## Task statement
When you copy the material below, keep every line exact and leave each picture out.
Source data START
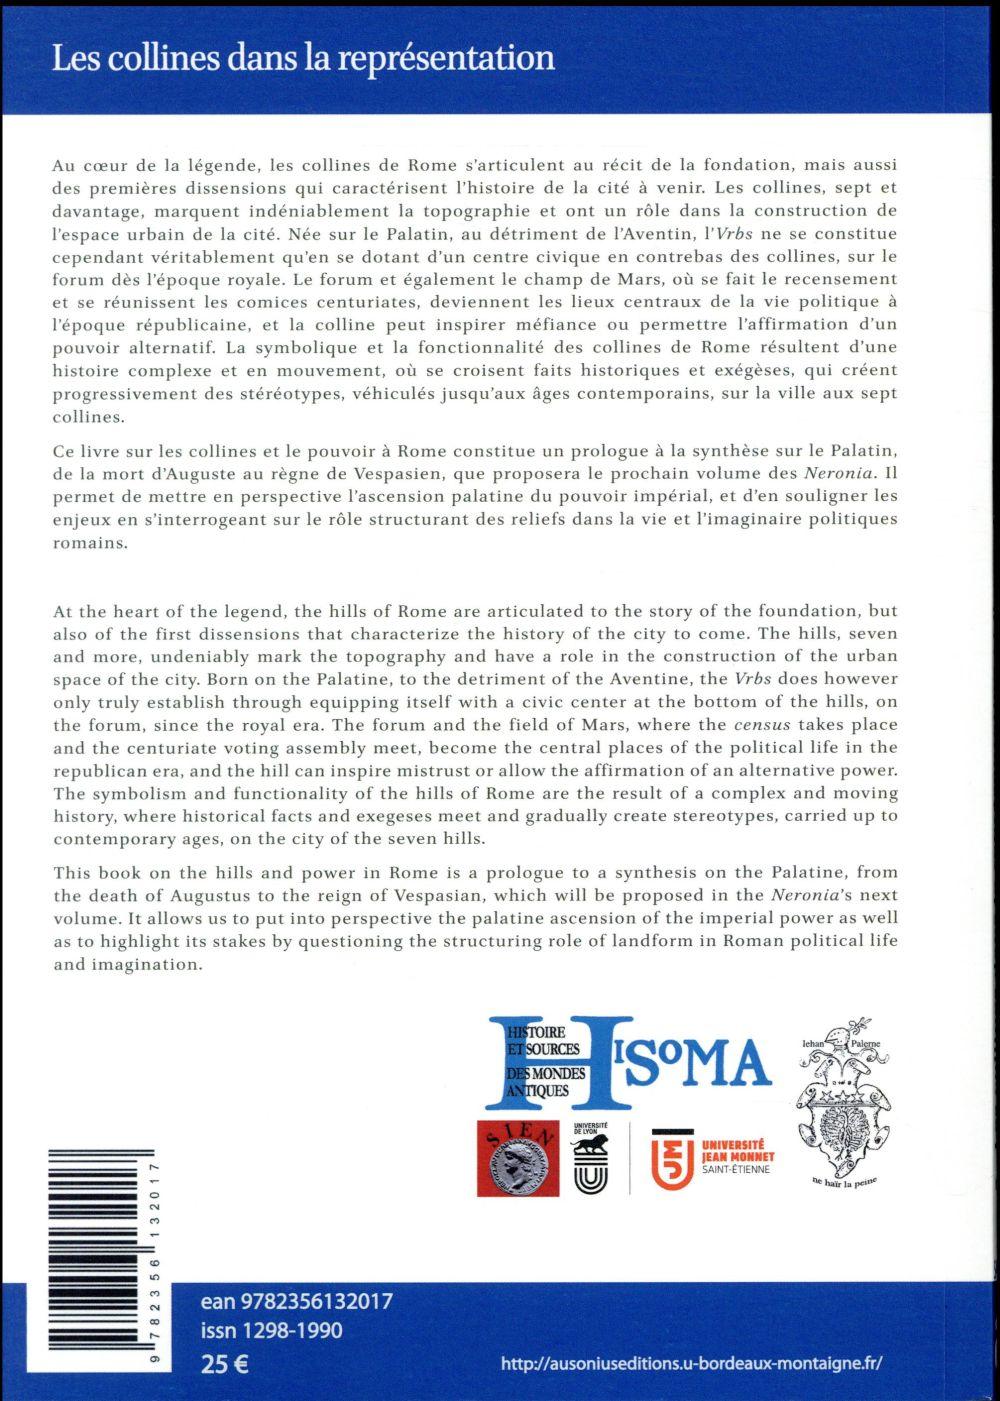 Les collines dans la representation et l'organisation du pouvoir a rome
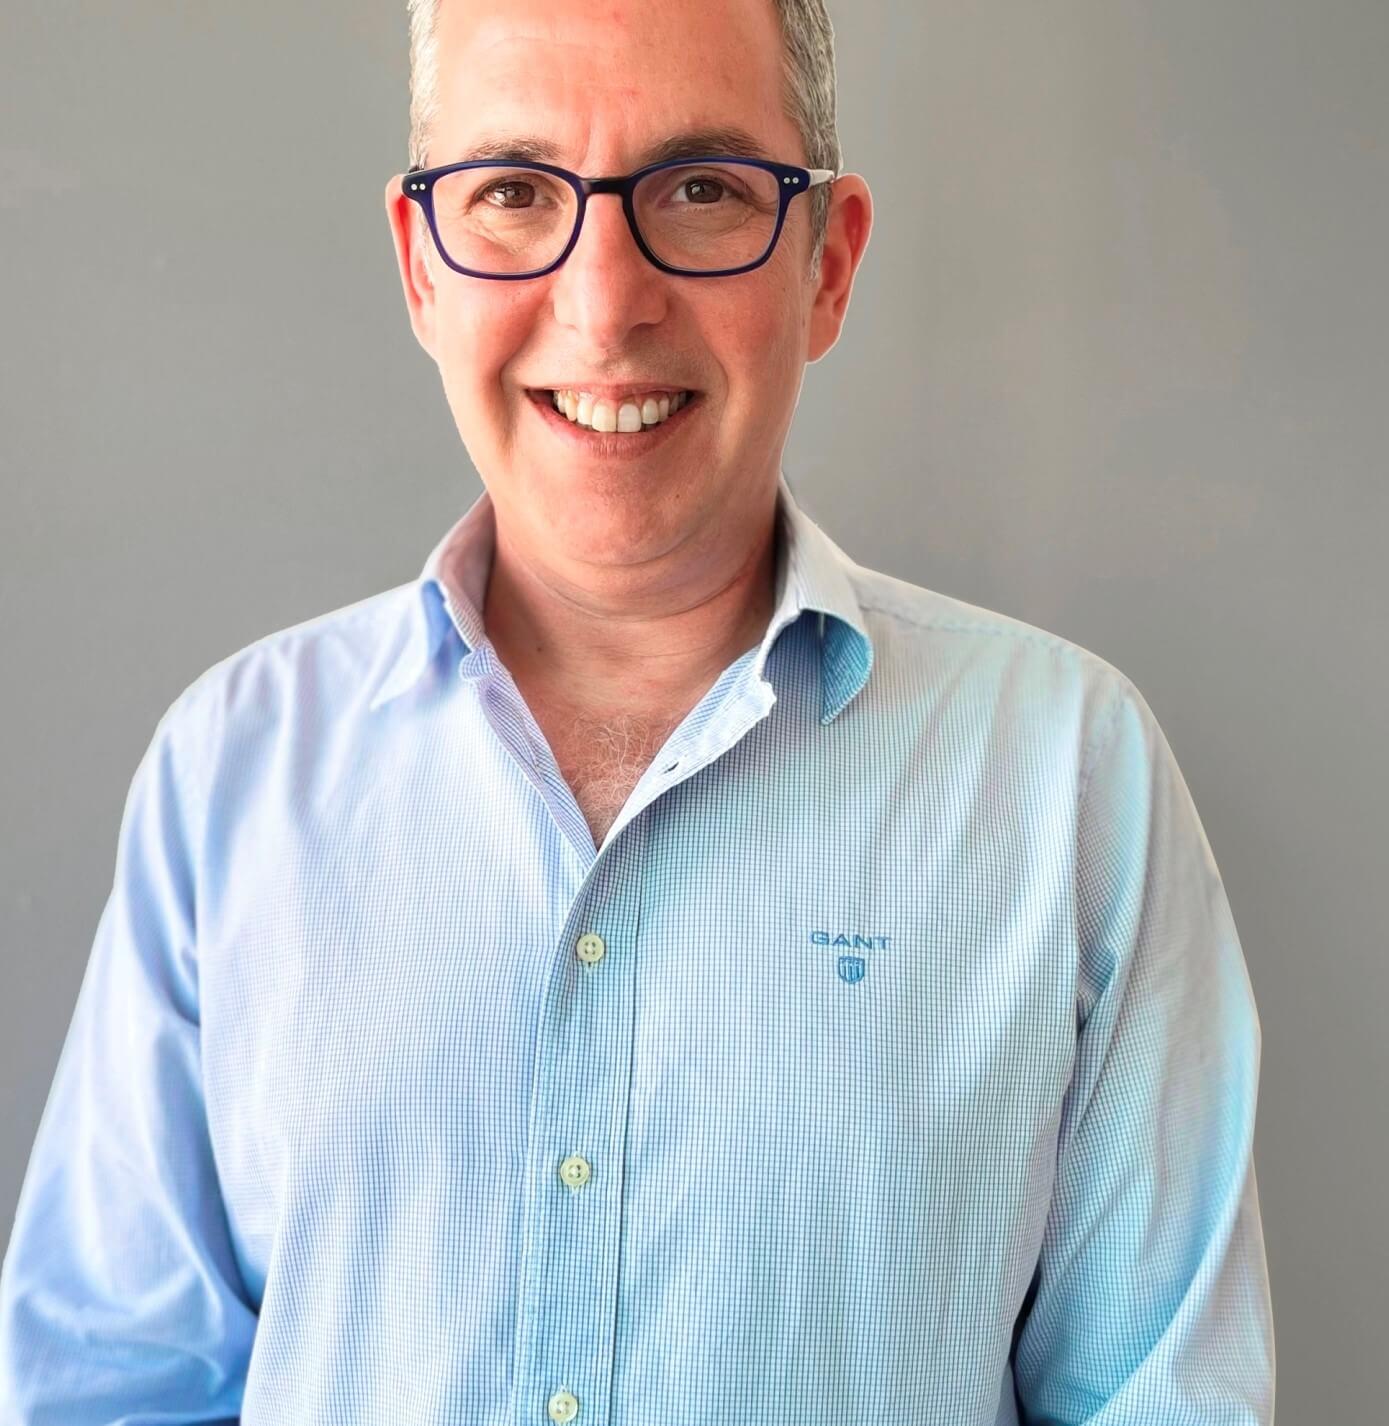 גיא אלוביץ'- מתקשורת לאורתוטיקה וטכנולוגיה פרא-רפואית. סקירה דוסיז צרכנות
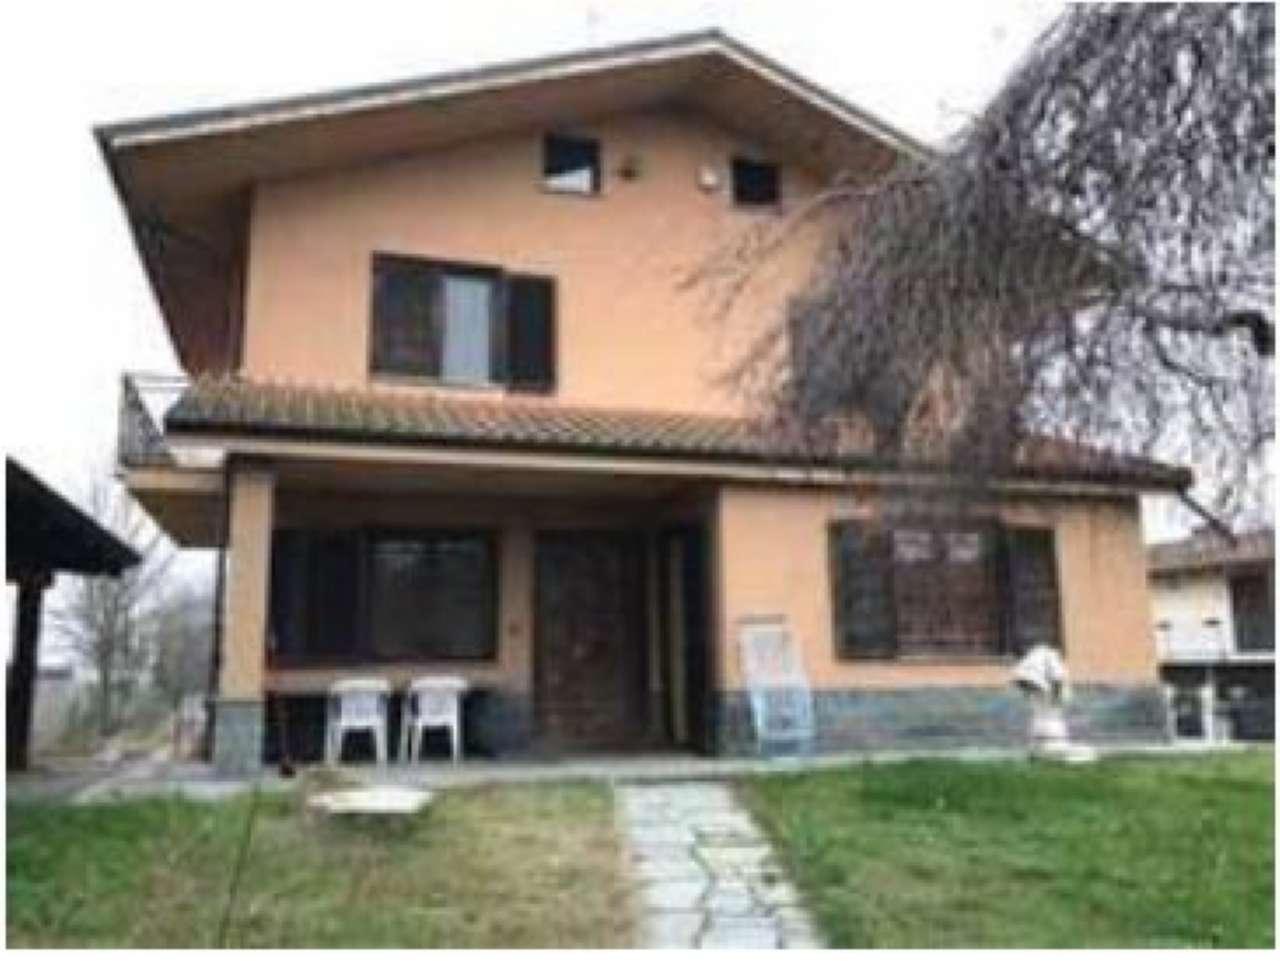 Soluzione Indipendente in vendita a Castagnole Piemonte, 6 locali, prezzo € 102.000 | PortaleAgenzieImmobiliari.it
Source data END
## Problem solution
 Les collines dans la representation et l'organisation du pouvoir a rome
 גיא אלוביץ'- מתקשורת לאורתוטיקה וטכנולוגיה פרא-רפואית. סקירה דוסיז צרכנות
 Soluzione Indipendente in vendita a Castagnole Piemonte, 6 locali, prezzo € 102.000 | PortaleAgenzieImmobiliari.it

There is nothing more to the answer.